▶ **Task instructions**: In the data below, repeat the line containing "chambre d'enfant avec" and every following line exactly, up to and including the last line. Exclude pictures.
### Supplied data ###
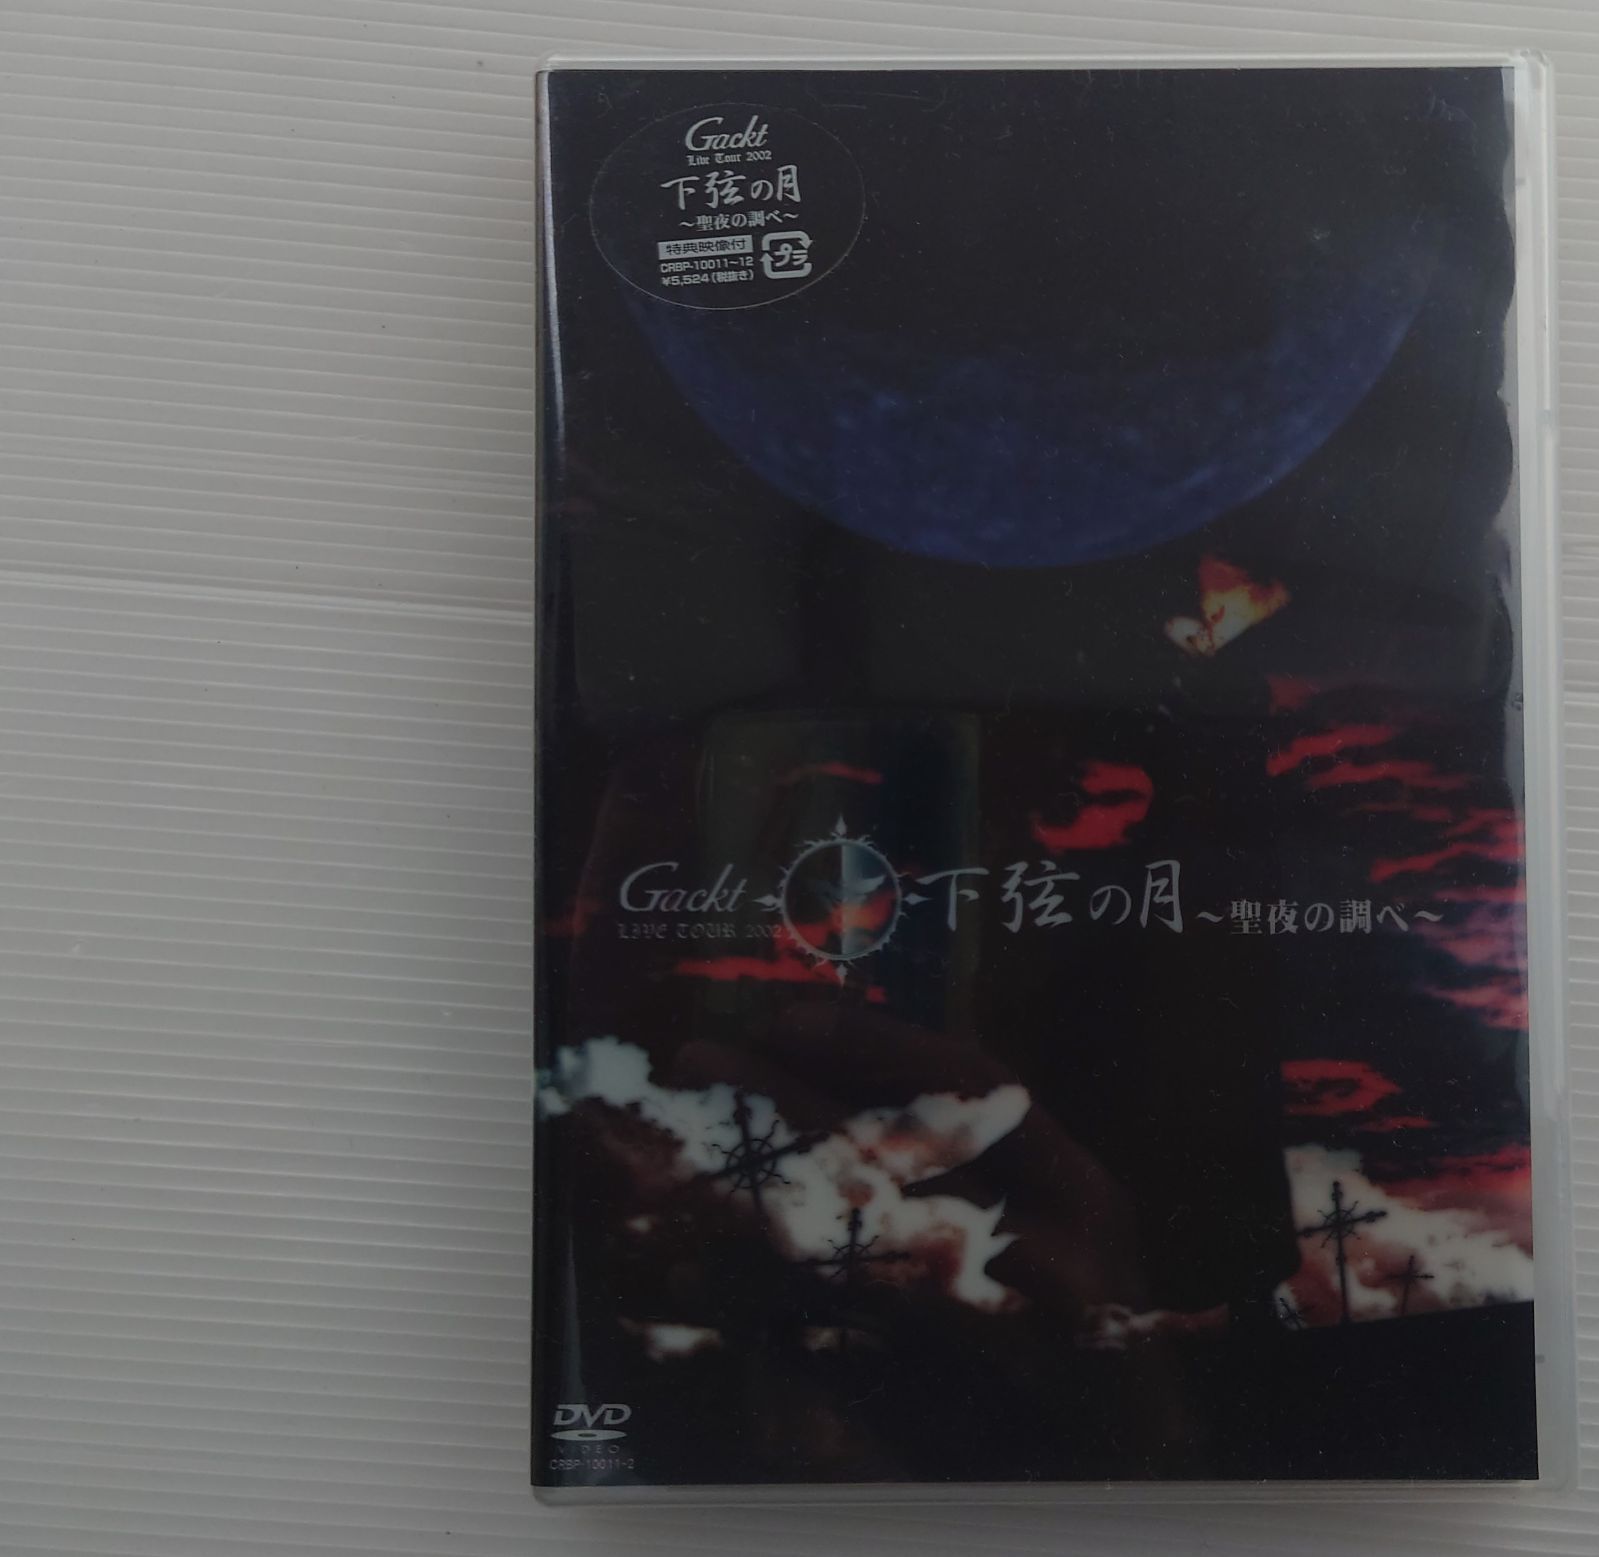 新品未開封DVD】Gackt/ガクト Live Tour 2002 下弦の月 〜聖夜の調べ【2003リリース/本編110分・特典映像付き】〜 -  メルカリ
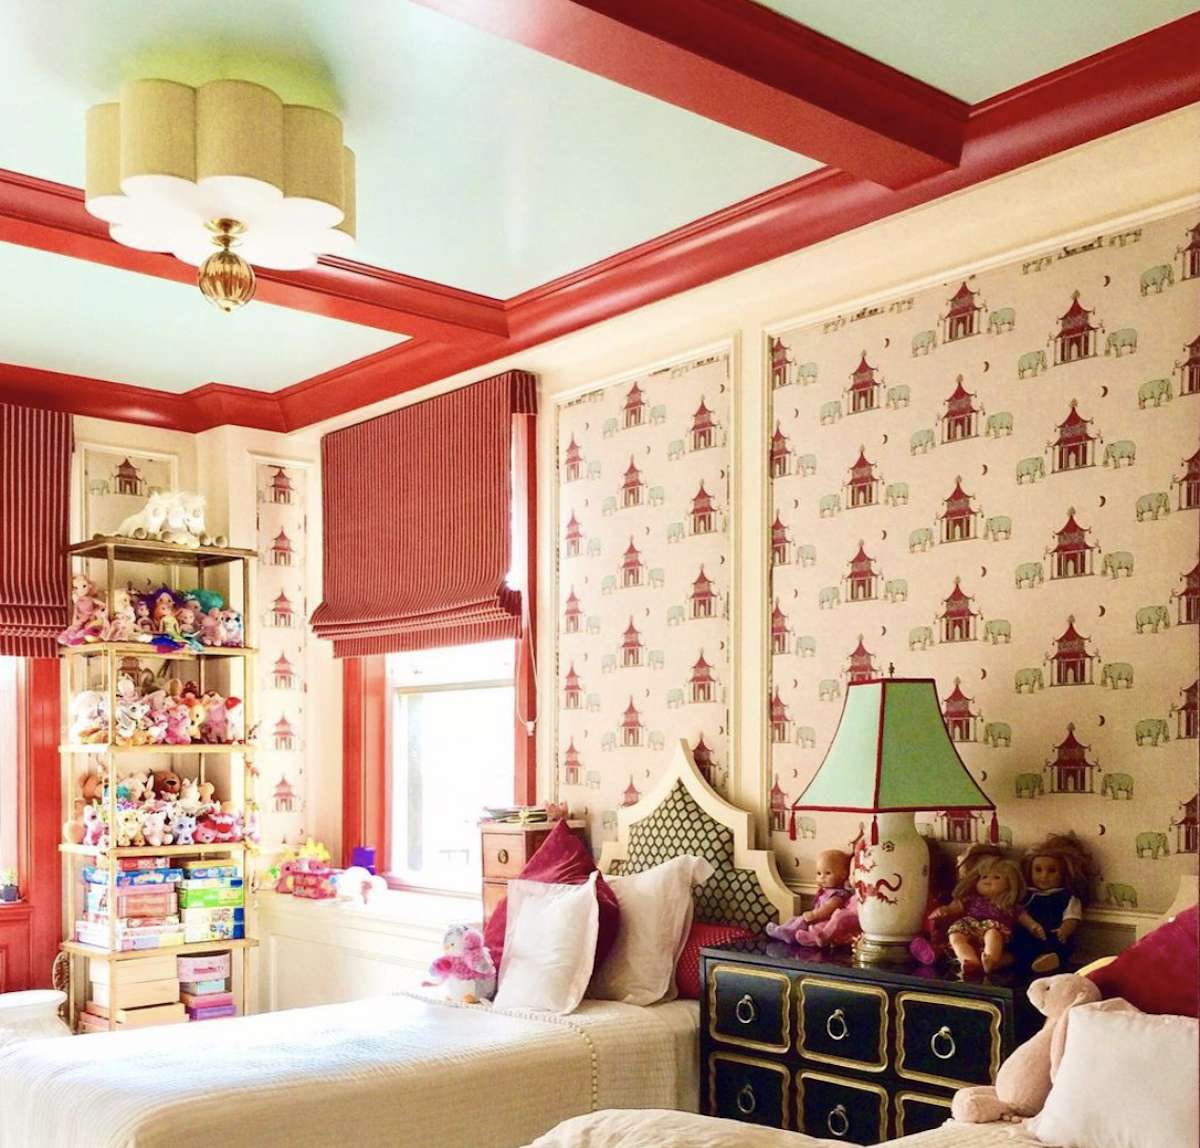 chambre d'enfant avec maisons rouges sur le papier peint, poutres rouges apparentes sur le plafond
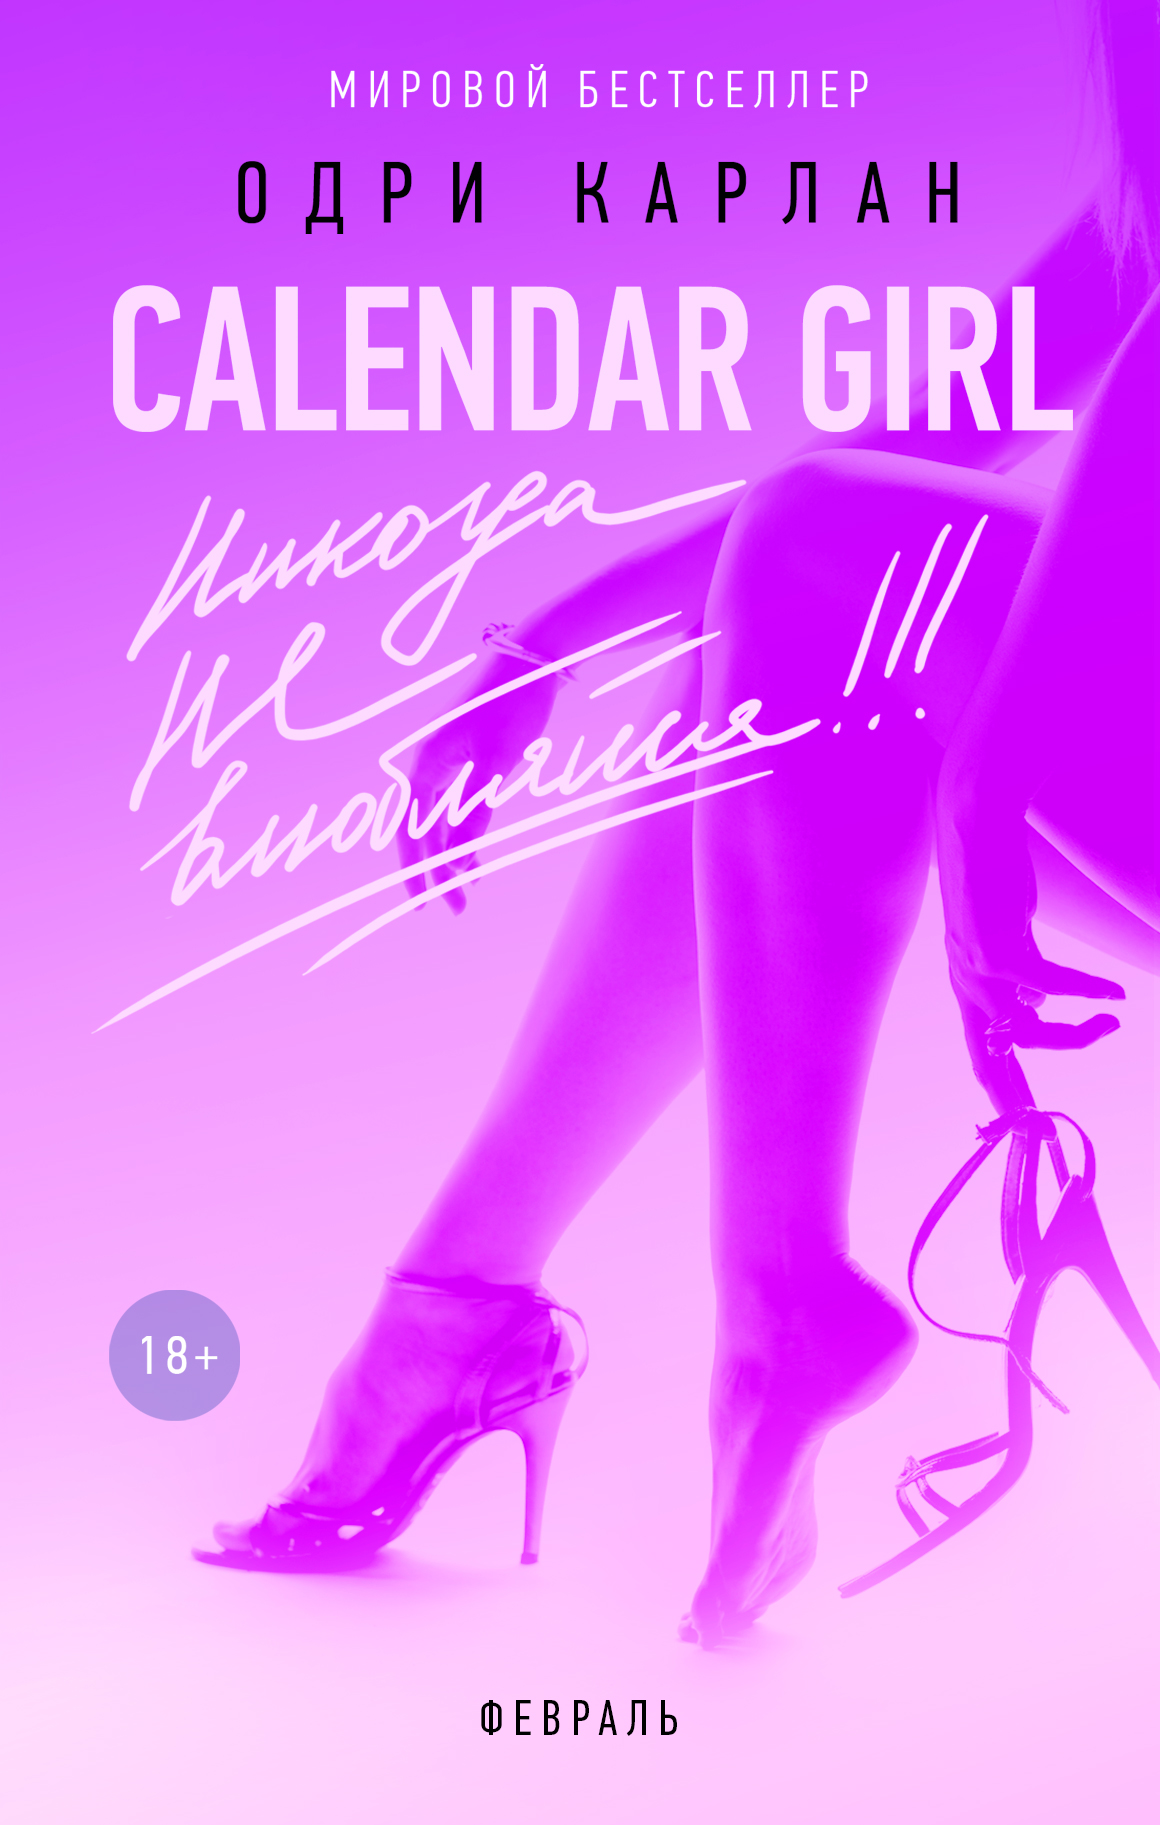 Calendar Girl.Никогда не влюбляйся! Февраль
###
▶ **Solution below**:
 chambre d'enfant avec maisons rouges sur le papier peint, poutres rouges apparentes sur le plafond
 Calendar Girl.Никогда не влюбляйся! Февраль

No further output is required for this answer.